# [Source material]
>>>

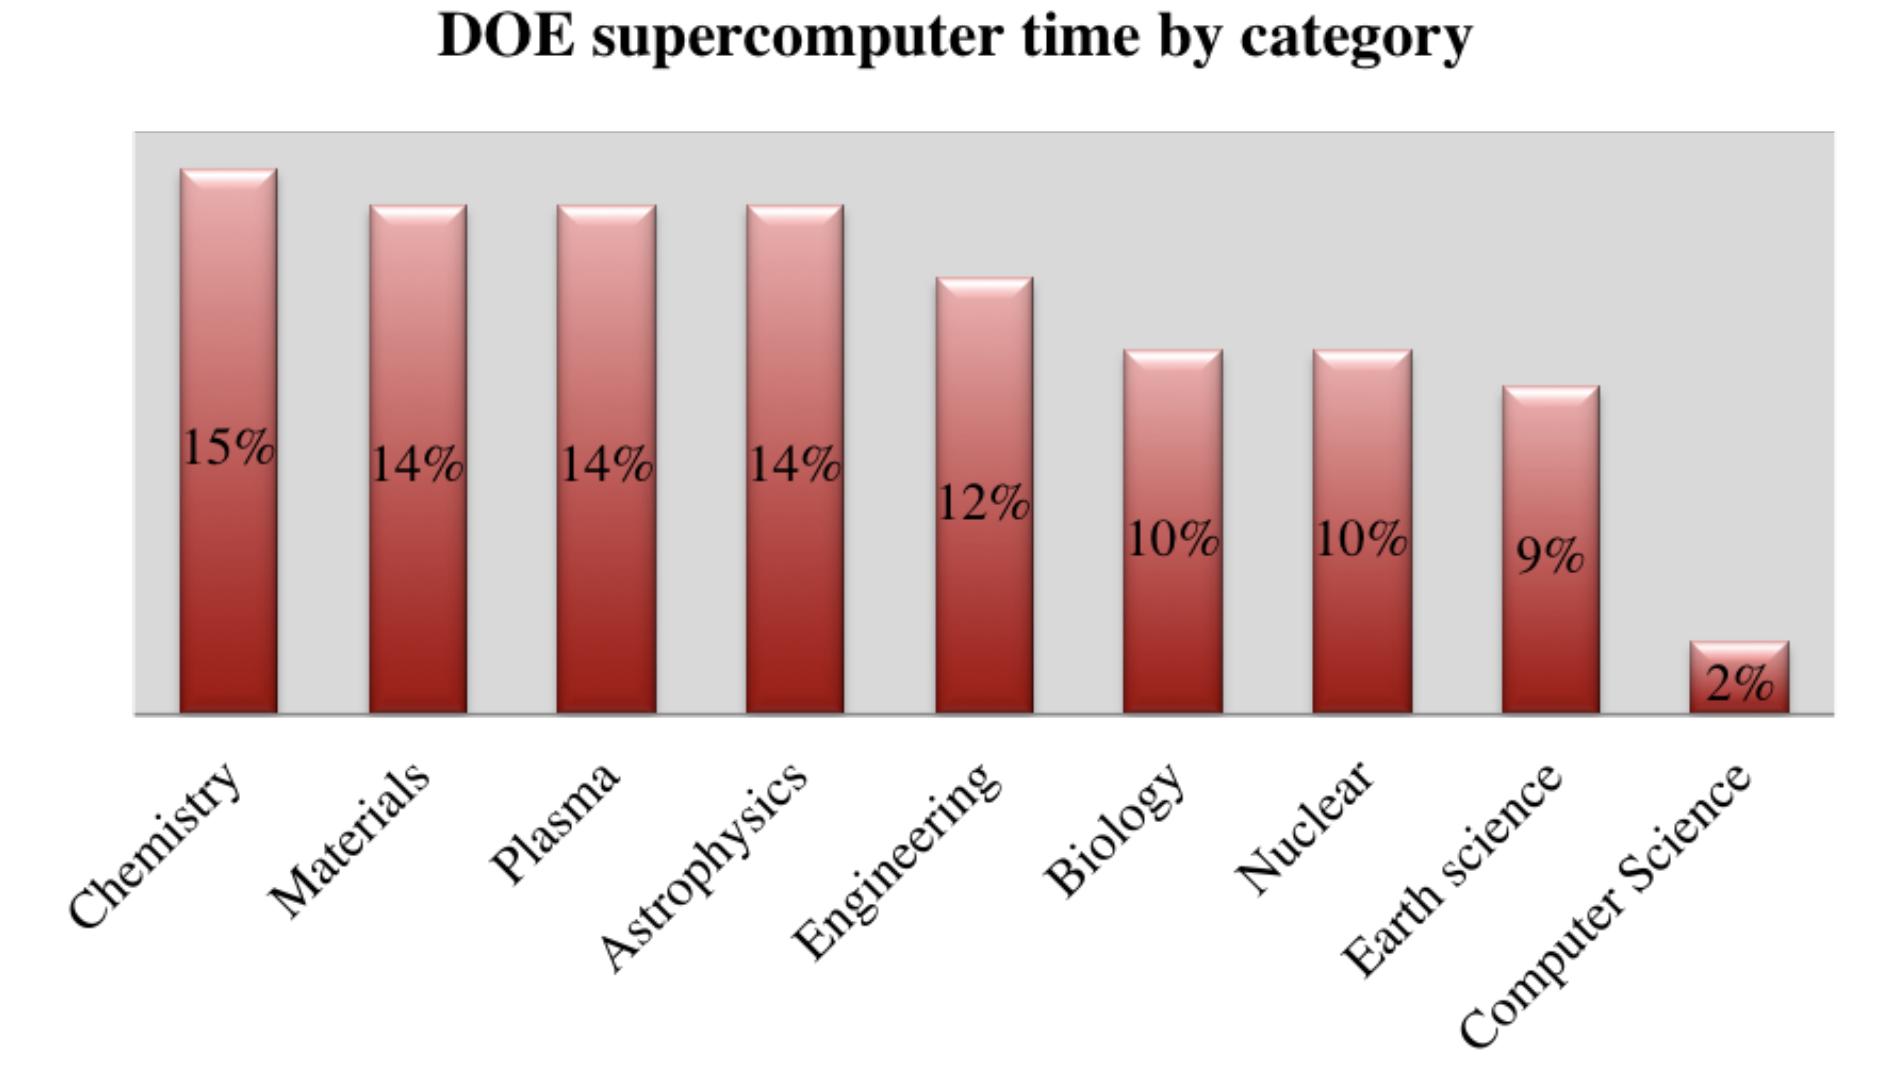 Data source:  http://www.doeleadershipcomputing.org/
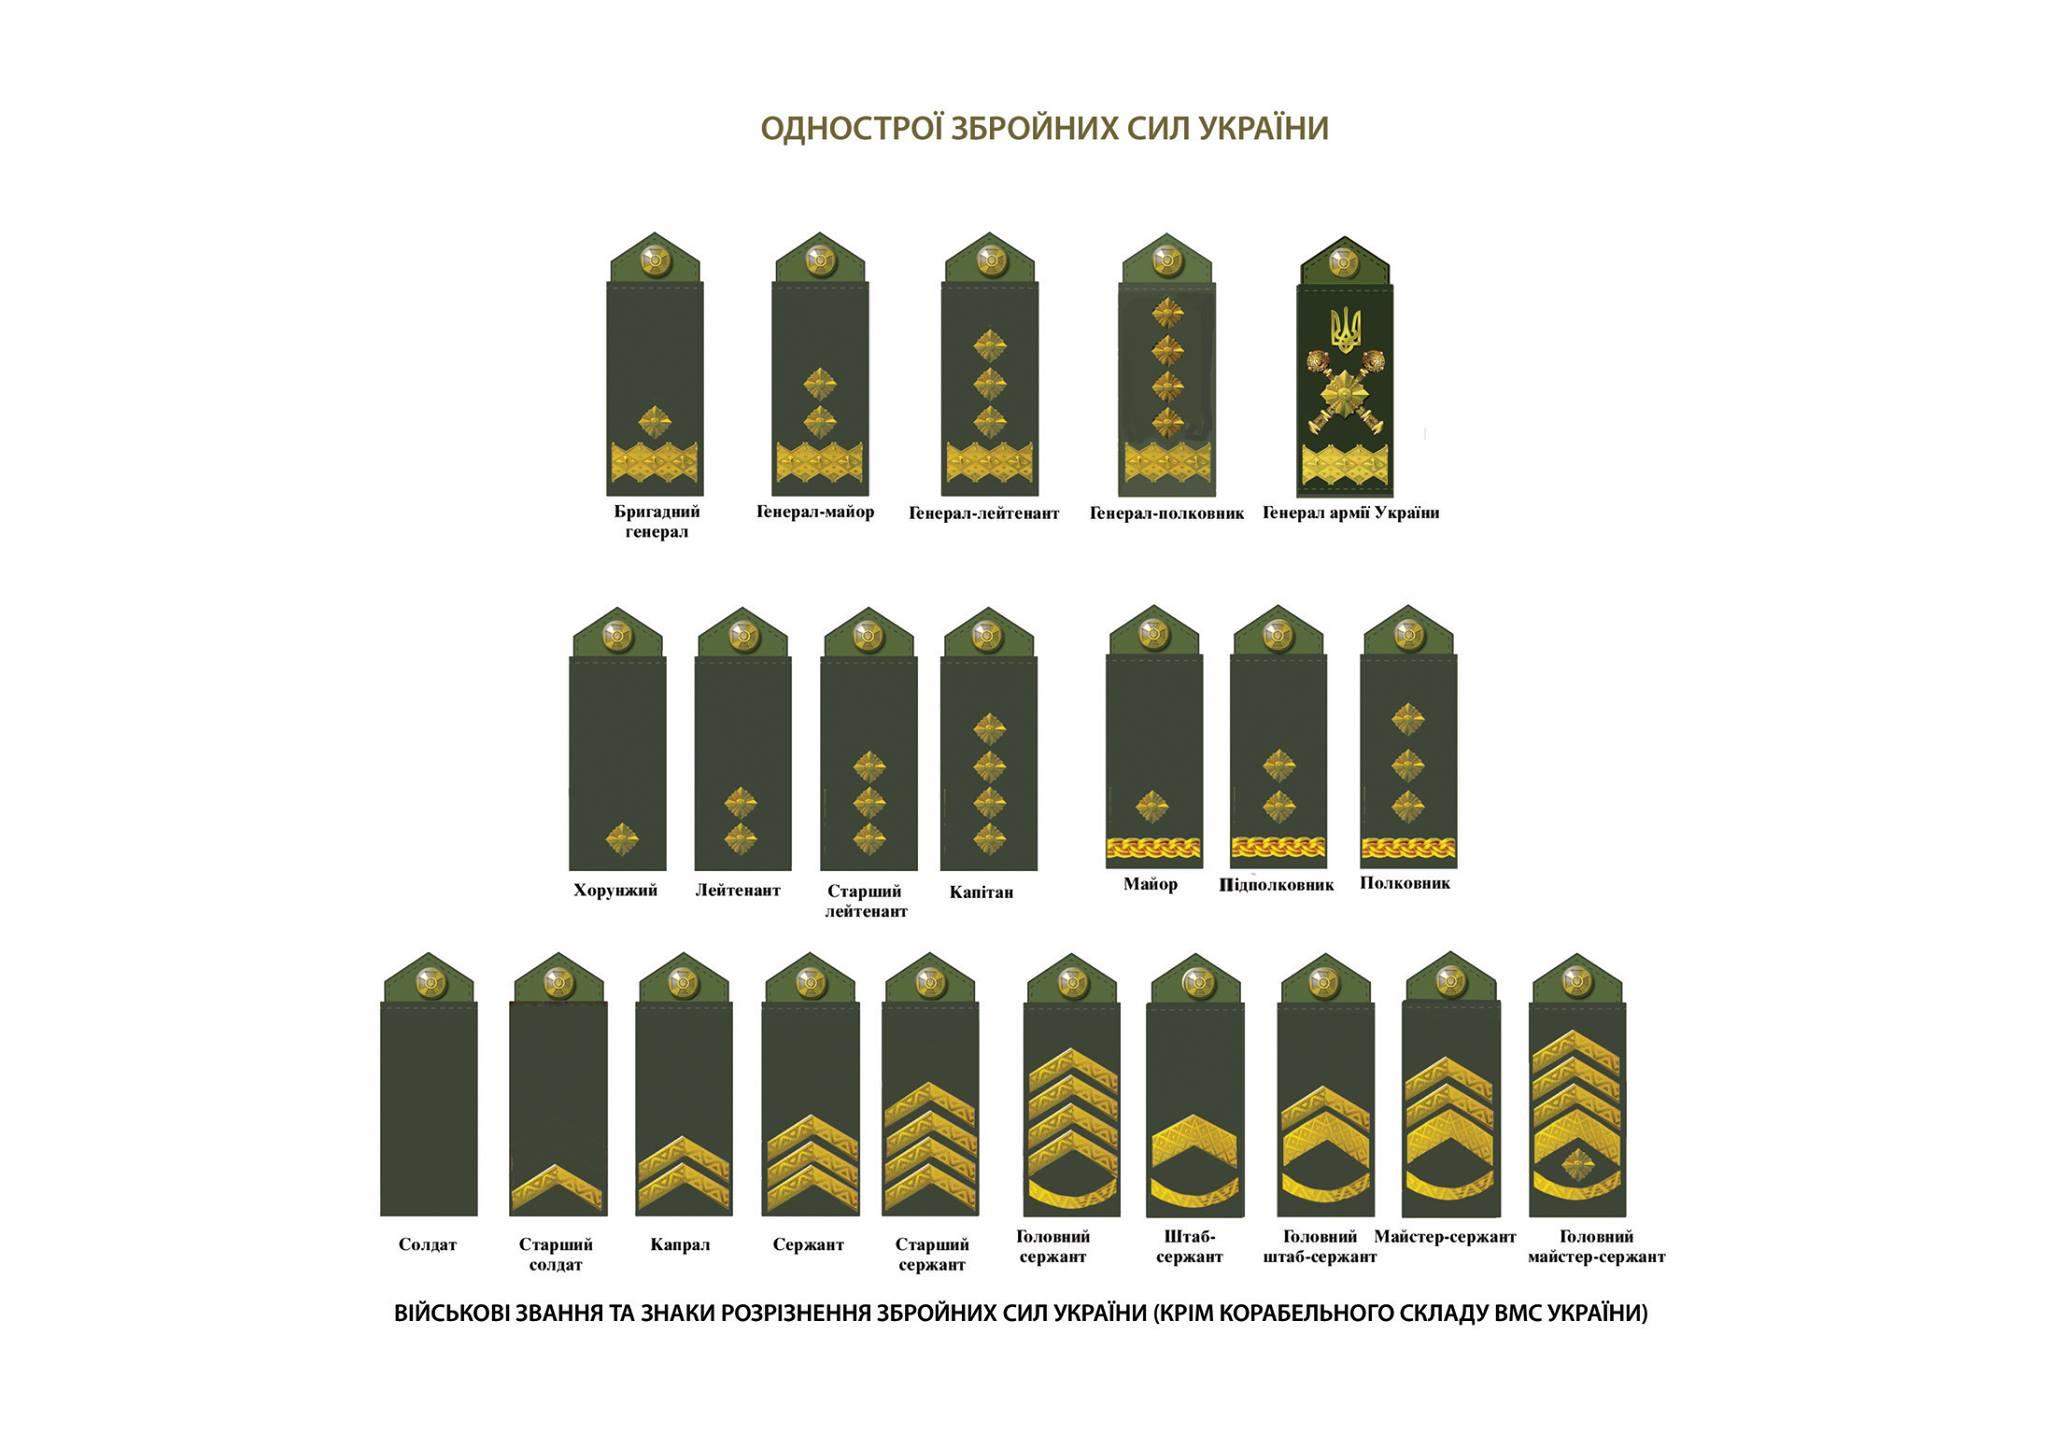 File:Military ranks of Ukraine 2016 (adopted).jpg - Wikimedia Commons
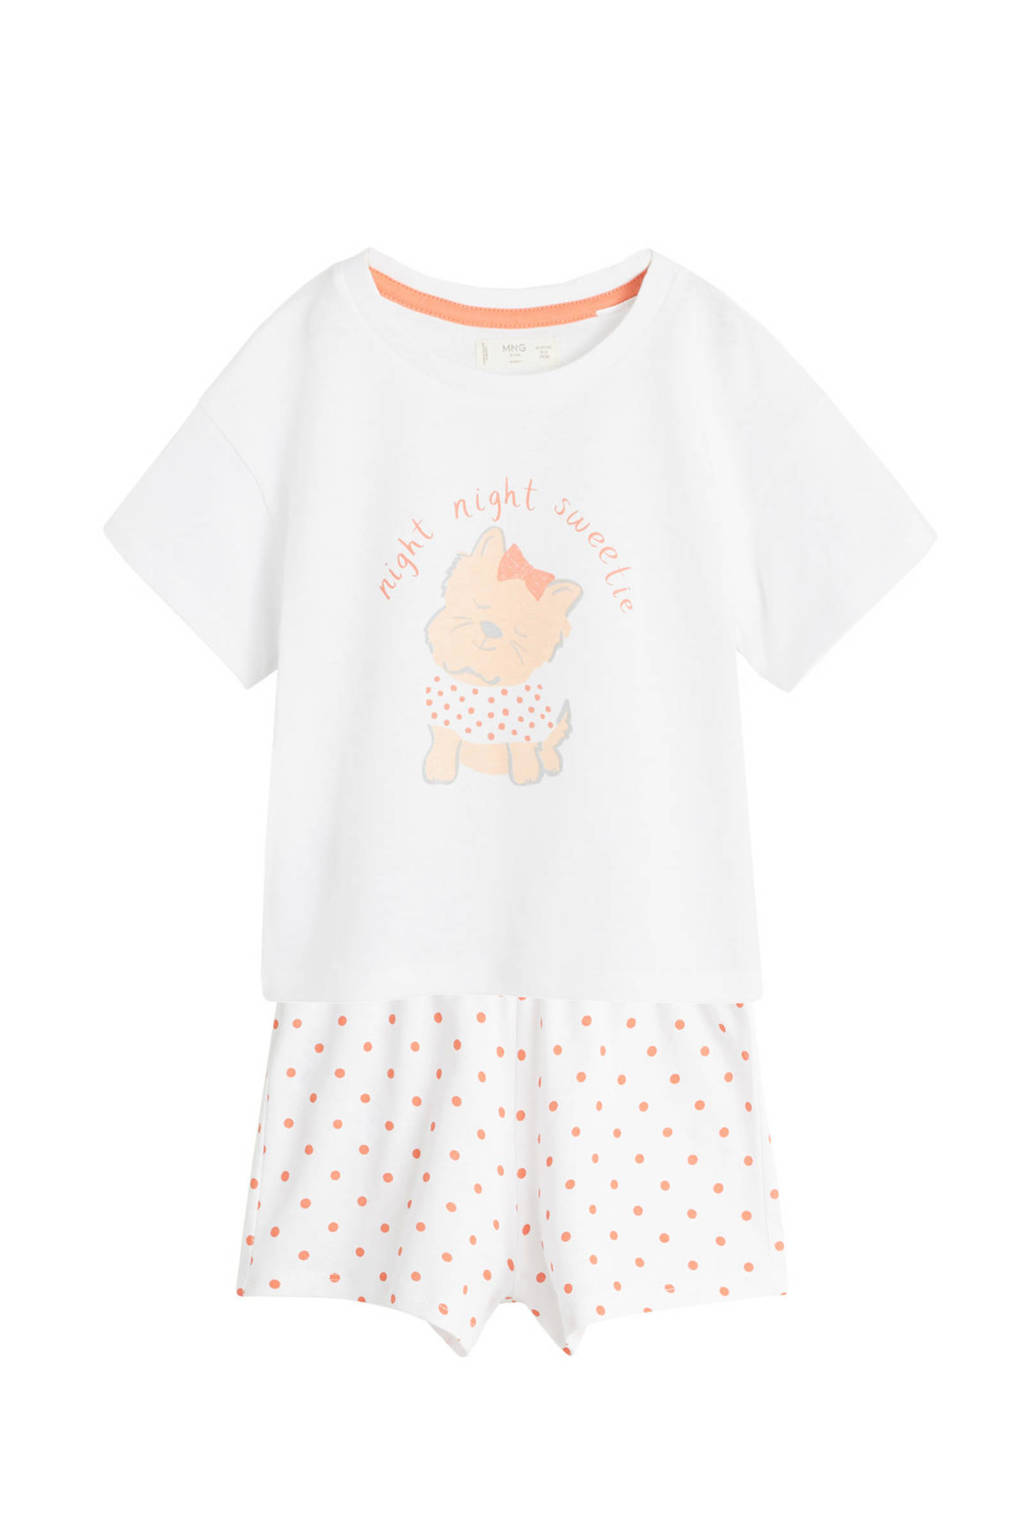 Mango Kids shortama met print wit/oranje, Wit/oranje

<<<

# [Work request]
In your copy, the listing above should appear word for word, with no images.

# [Task answer]
 Data source:  http://www.doeleadershipcomputing.org/
 File:Military ranks of Ukraine 2016 (adopted).jpg - Wikimedia Commons
 Mango Kids shortama met print wit/oranje, Wit/oranje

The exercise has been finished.